**WORK REQUIRED:**
The data below should be restated word for word, with every picture omitted.

**SOURCE MATERIAL:**

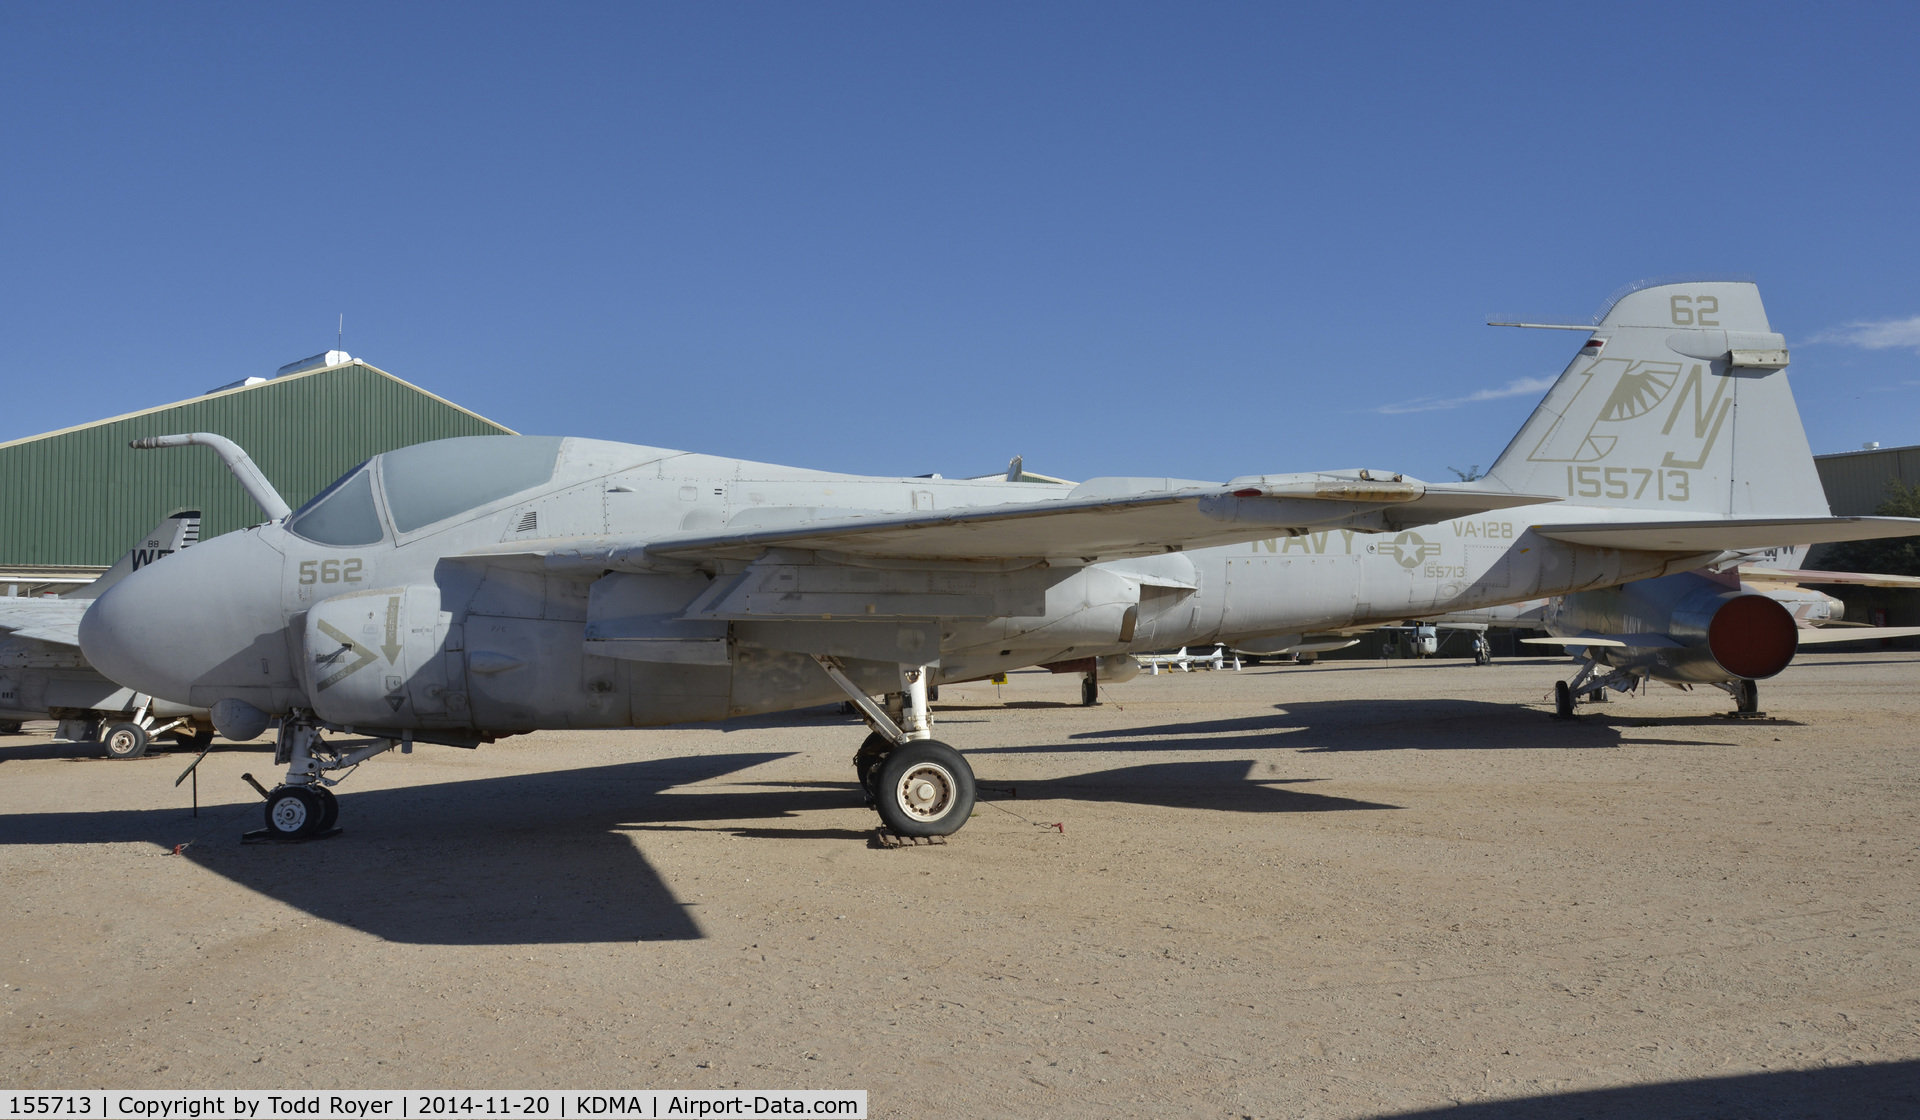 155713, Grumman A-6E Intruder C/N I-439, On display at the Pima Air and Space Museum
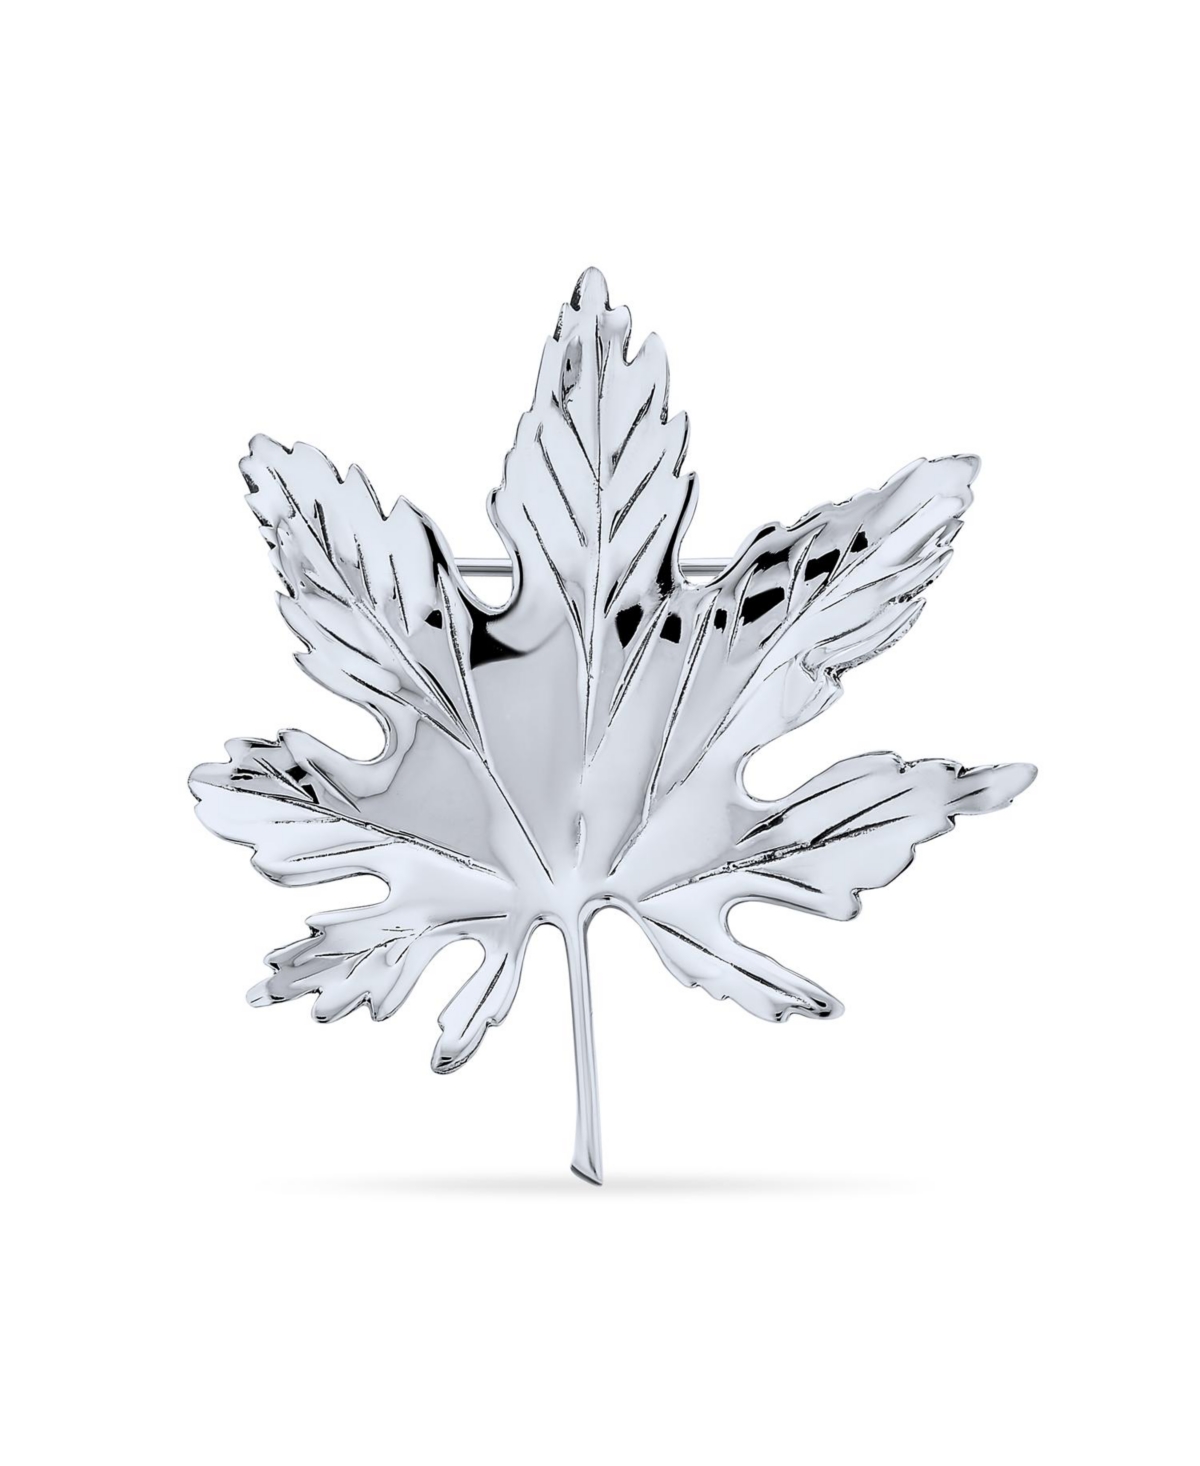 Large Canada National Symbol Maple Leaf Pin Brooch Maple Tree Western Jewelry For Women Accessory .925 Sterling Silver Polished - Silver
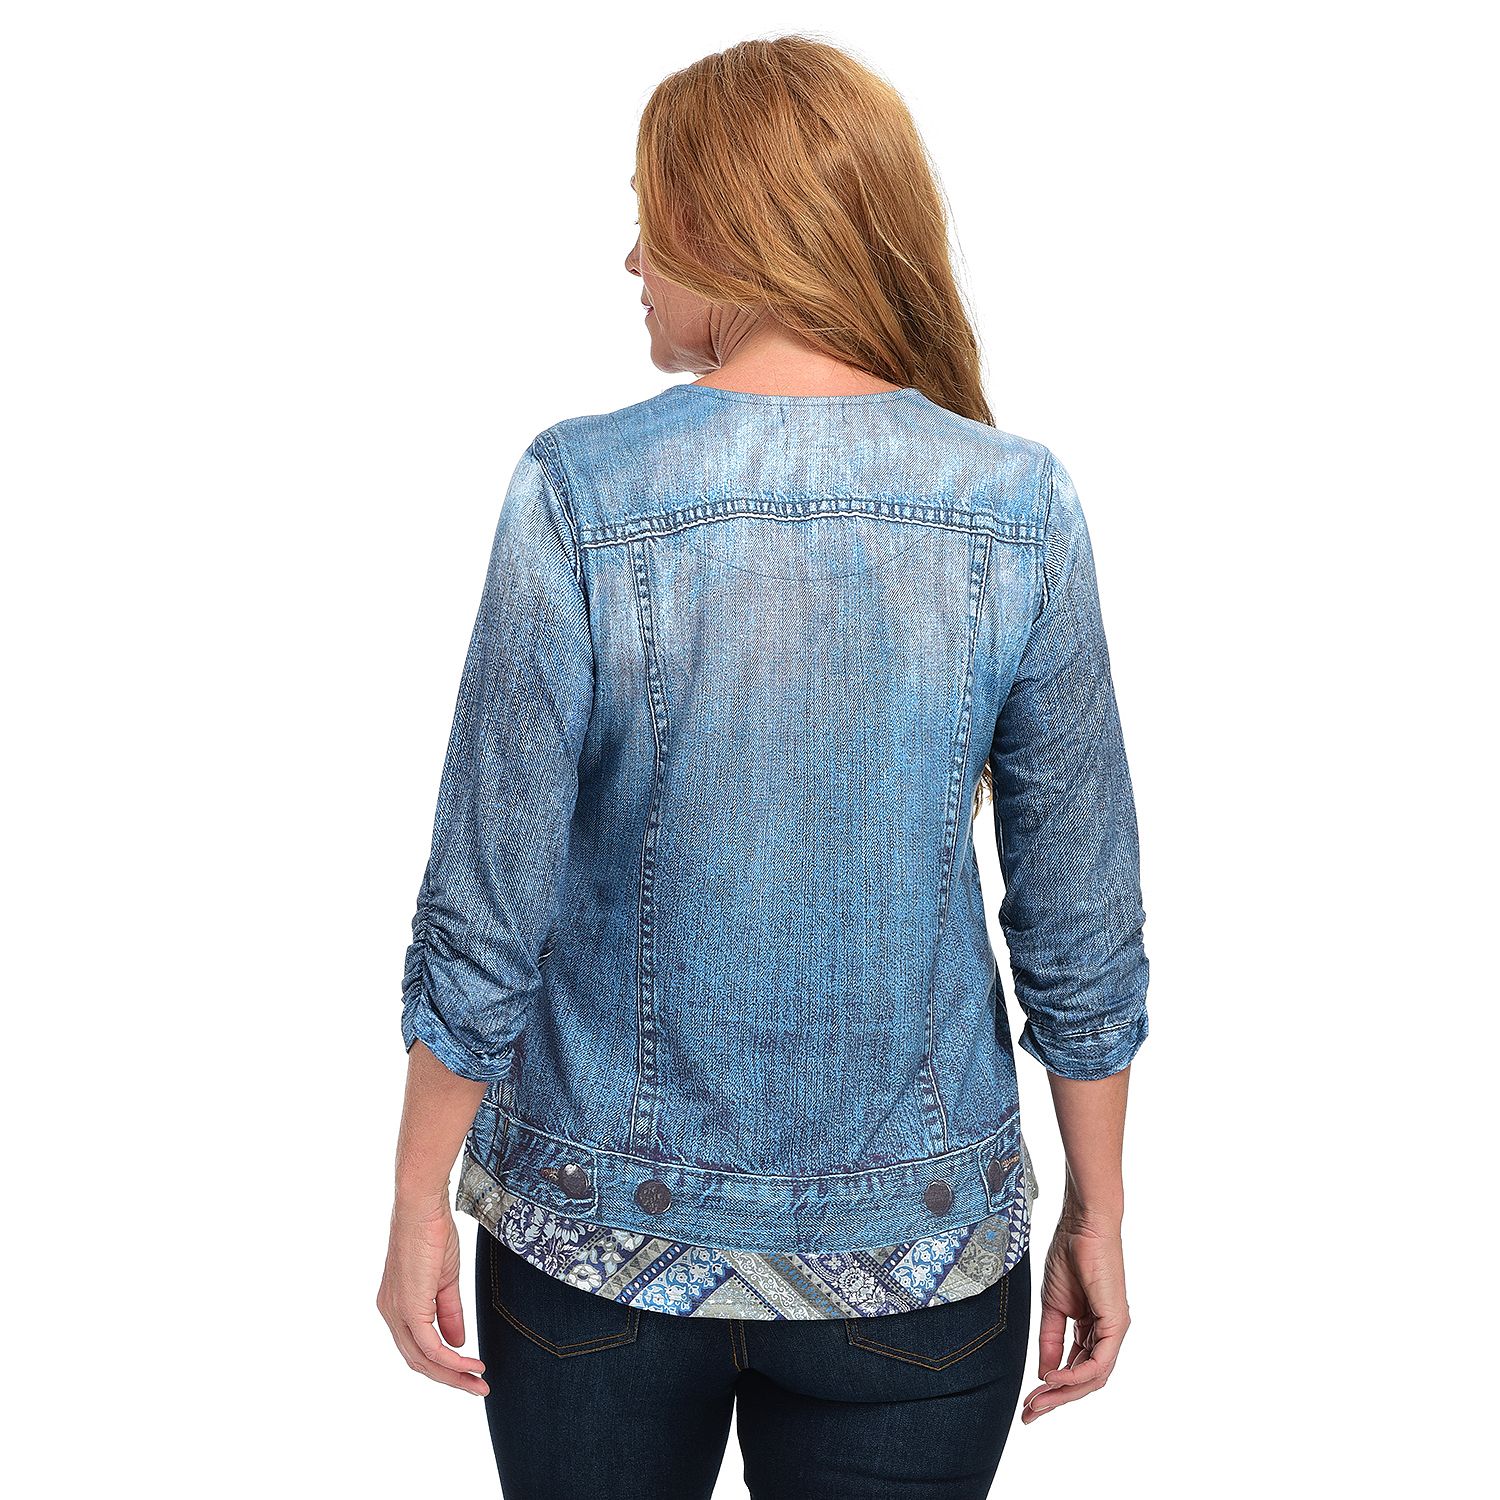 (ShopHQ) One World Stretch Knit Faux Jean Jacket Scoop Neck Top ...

**WRITTEN RESPONSE:**
 155713, Grumman A-6E Intruder C/N I-439, On display at the Pima Air and Space Museum
 Large Canada National Symbol Maple Leaf Pin Brooch Maple Tree Western Jewelry For Women Accessory .925 Sterling Silver Polished - Silver
 (ShopHQ) One World Stretch Knit Faux Jean Jacket Scoop Neck Top ...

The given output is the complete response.